Я уже упомянула, что она была коммунистка, но я имела при этом в виду не только то, что она была членом партии, мало ли таких, но и то, что она была коммунисткой во всем. Как «иностранный специалист» она могла пользоваться Инснабом с обилием прекрасных продуктов. Ее это злило, она никак не могла понять, как же так — в коммунистическом государстве одним дают больше, другим дают меньше, кто-то пользуется льготами, когда другие нуждаются. И она весь свой инснабский паек раздавала. Увы, большинство не испытывало к ней даже элементарной благодарности, считая это лишь чудачеством эксцентричной особы. Помню, как один ее молодой коллега рассказывал: «Она говорит — давайте я вам молока возьму, ведь у вас маленький ребенок. Ну, я принес ей бидон, и вечером она мне его отдает полным молока и плачет. Вот, говорит, я молока тебе взяла, а потеряла где-то в том магазине свои хорошие перчатки, искала везде — не нашла… На следующий день я принес ей ее перчатки: нате, говорю, Машё, мы их нашли под молоком на дне бидона».
Нас она особенно баловала, и мама была ей симпатична. Машё часами сидела у нас и без умолку говорила. «Нет, вы подумайте только, геноссин Фаерман, пришла я к ней, а она мне ставит на стол чай и кусок черного хлеба. Я вскочила, открыла ее буфет — там у нее и сметана, и сыр, и белый хлеб, и конфеты. Я и говорю ей: «Мне ничего не надо, но какая же ты, к черту, коммунистка, у тебя вон под кроватью еще и ящик, полный всякой крупы, — для кого же ты все это прячешь, когда тебе не надо, а кругом люди голодают?» Смотрит на меня, тупая корова, и говорит, что это не мое дело…» Все отрицательные женщины были у нее «тупые коровы»
Помню теплый, как парное молоко, летний вечер. Маше зашла за мамой, и мы отправились гулять.

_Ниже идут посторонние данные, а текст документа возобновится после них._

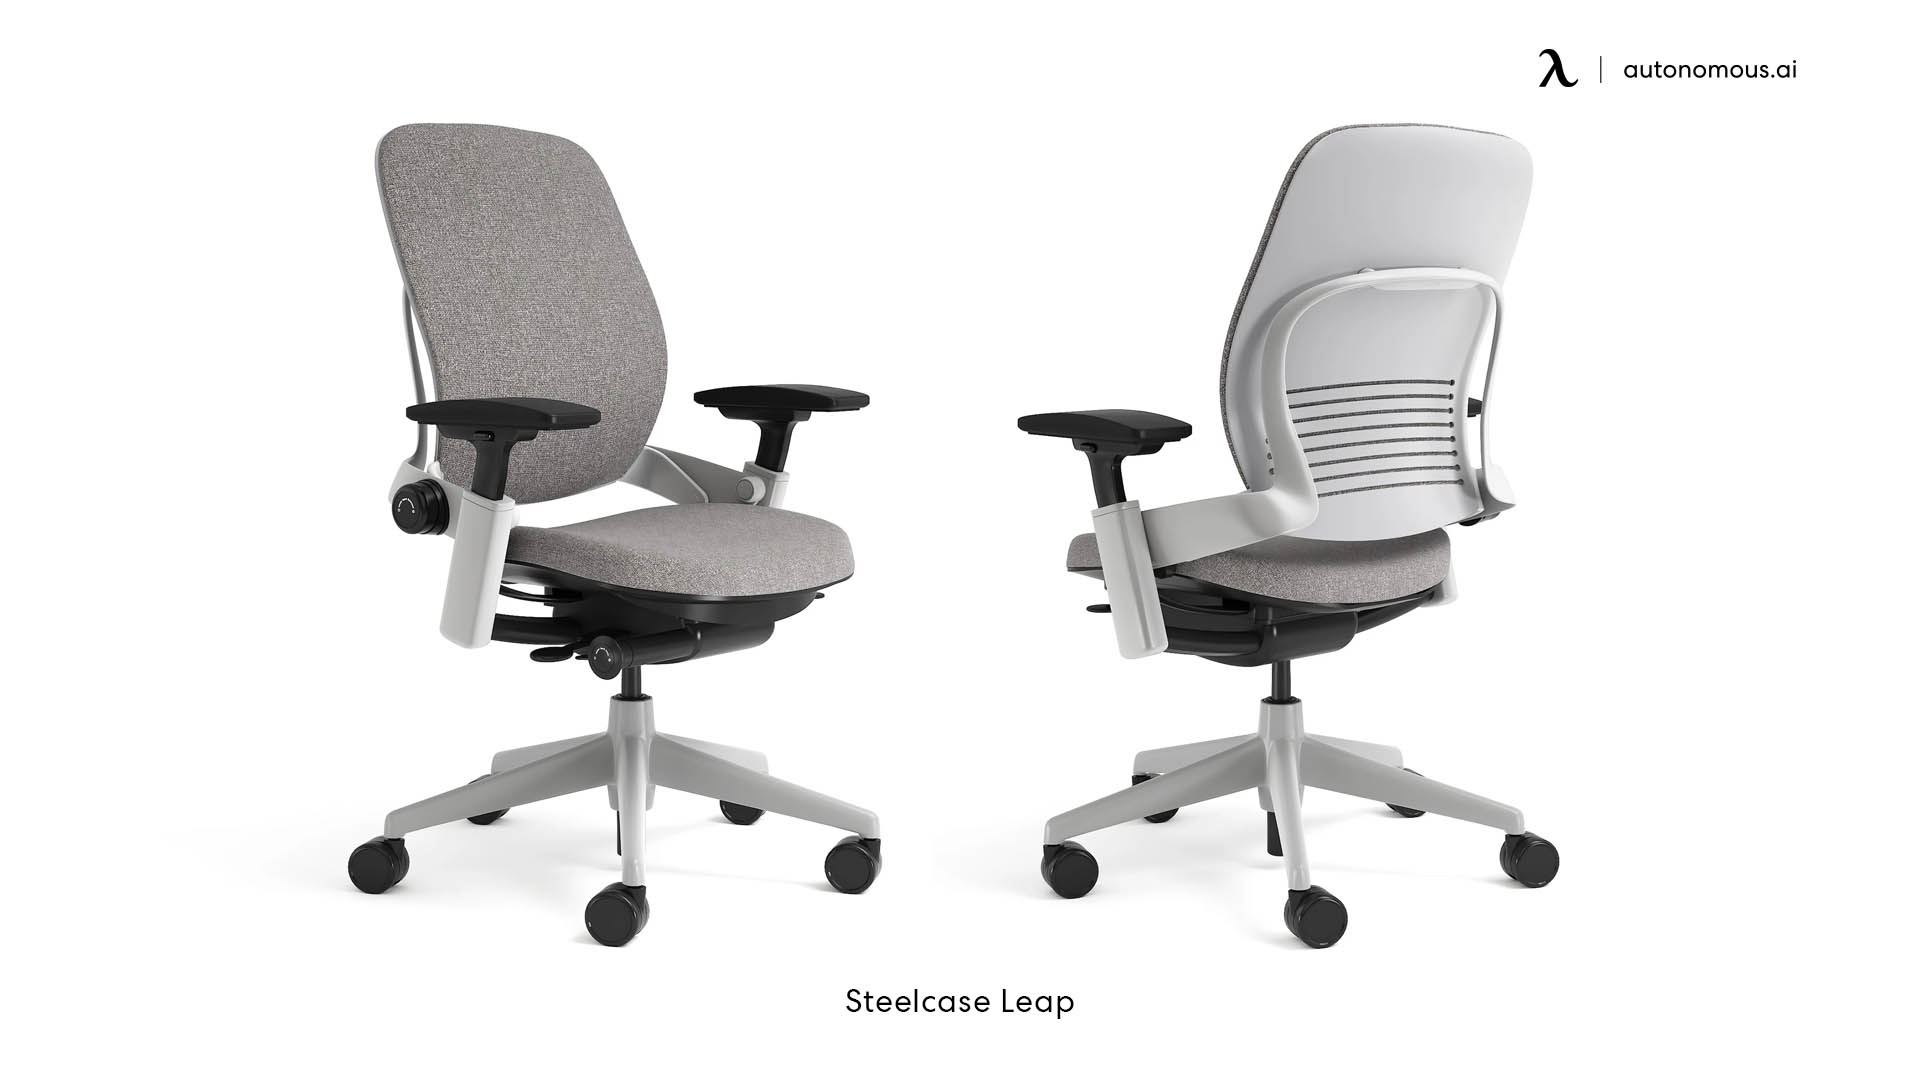 Leap Fabric plush office chair by Steelcase
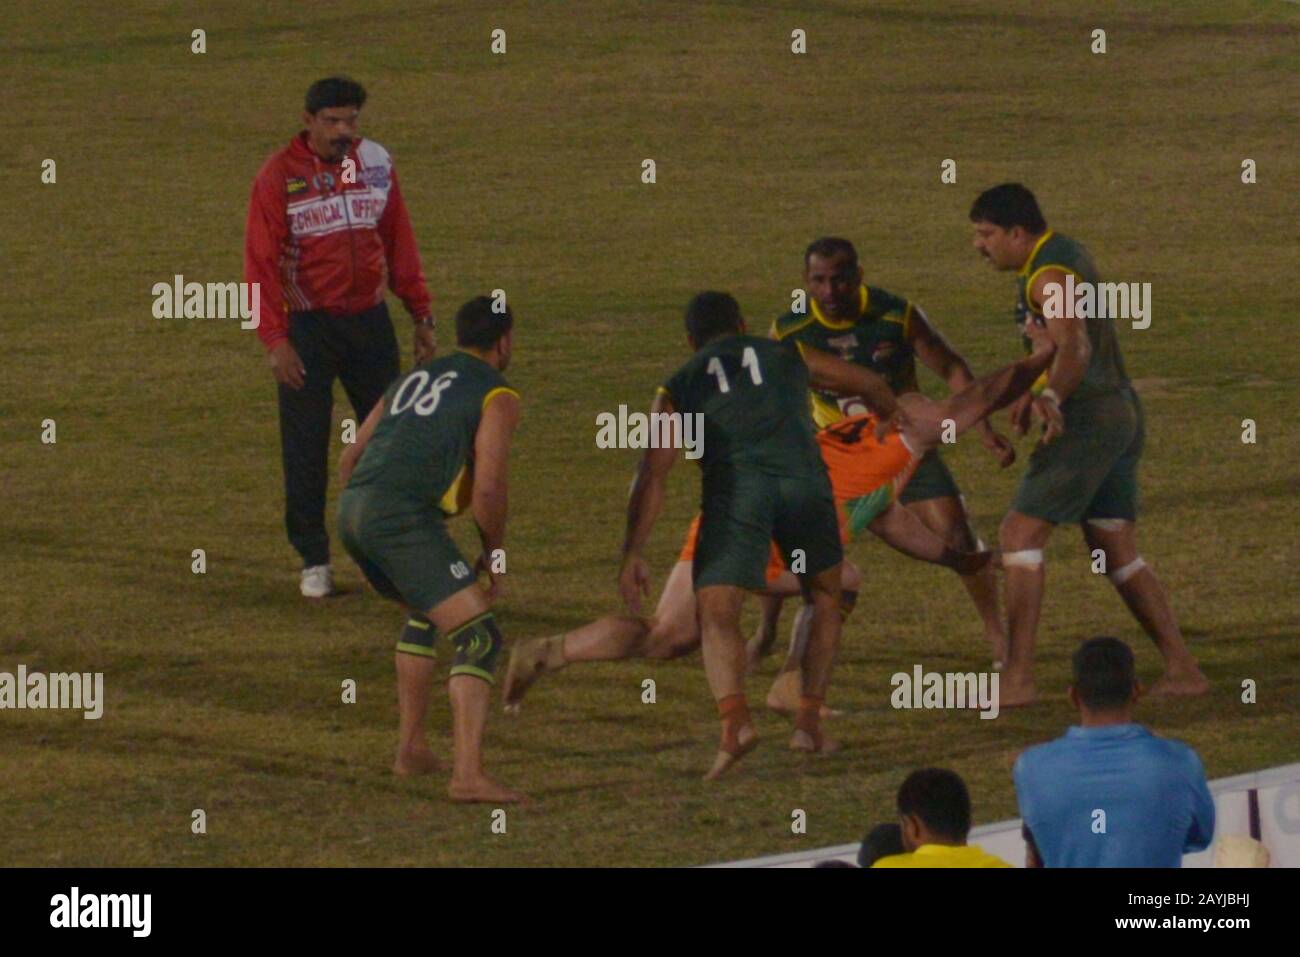 Lahore, Pakistan. 15th Feb, 2020. Kabaddi players seem in action during 2nd Semi final match playing between Pakistan and Iran, as Pakistan Kabaddi team win semi final match by 52-30 during Kabaddi World Cup 2020 at Punjab Stadium Lahore on February 15, 2020. Kabaddi World Cup 2020 begins in Pakistan. All is set for the 'Kabaddi World Cup 2020' being hosted in three cities Lahore, Faisalabad and Gujrat from February 09 to 16 February. Respectively the event is jointly organized by Punjab government, Sports Board Punjab (SBP) and Pakistan Kabaddi Federation (PKF). Credit: Pacific Press Agency/A Stock Photo

Дошли до Смоленской, потом пошли по Плющихе, попили у Маше чаю — и дальше по Пироговской. За монастырем и Окружной дорогой уже не было домов, а были сплошные пустыри за решетчатыми оградами. Мы дошли по довольно сырой после дождя дороге до самой реки, ни один человек нам не встретился по пути, а обе женщины говорили без умолку. Я глядела по сторонам и одним ухом подслушивала их разговор. Маше рассказывала маме историю своей жизни. Оказалось, что она у себя в Австрии вышла замуж за русского, родила сына, а через несколько лет ее муж уехал в СССР, сказав, что подготовит там жилье, а потом выпишет к себе ее с сыном. Писал он ей все реже и реже, потом велел отправить сына к нему. Она это сделала, но почувствовала недоброе. Она то ли уже работала в Торгпредстве в Вене, то ли устраивалась туда и, в общем, попросила перевести ее в Москву. Приехав сюда, она узнала, что муж ее уже давно завел себе новую семью, с Маше он даже не захотел встречаться, а предложил развестись. Сына он ей вернул с условием, что она будет свободно разрешать ему видеться с отцом и жить у него. Этот ее сын, Лео, был на два года старше меня, умный, начитанный и воспитанный мальчик, учился в какой-то особой школе. Маше очень ревновала его к отцу. Она вообще не знала, как ей быть. В Австрии у нее оставалась мать, но, если бы она вернулась туда, потеряла бы сына, а сына она безумно любила… Позже, конечно, вопрос о ее возвращении на родину совсем отпал, ведь она была там известна как активная коммунистка, а там поднимали голову фашисты.
Если она помогала нашей семье продуктами, я имела от Маше и еще одну огромную выгоду: у ее сына была богатая библиотека на немецком языке, и Маше охотно снабжала меня чтивом. Когда я начала собирать марки, она и конверты иностранные никогда не забывала принести мне с работы. Для нее действовал кавказский закон «тебе понравилась вещь — возьми», и стоило мне сказать ей, что мне очень понравились сказки и рассказы Оскара Уайльда и я бы хотела их еще раз почитать, как она придвигала ко мне книжку: «Ну раз тебе так понравилось, возьми, она будет твоя!»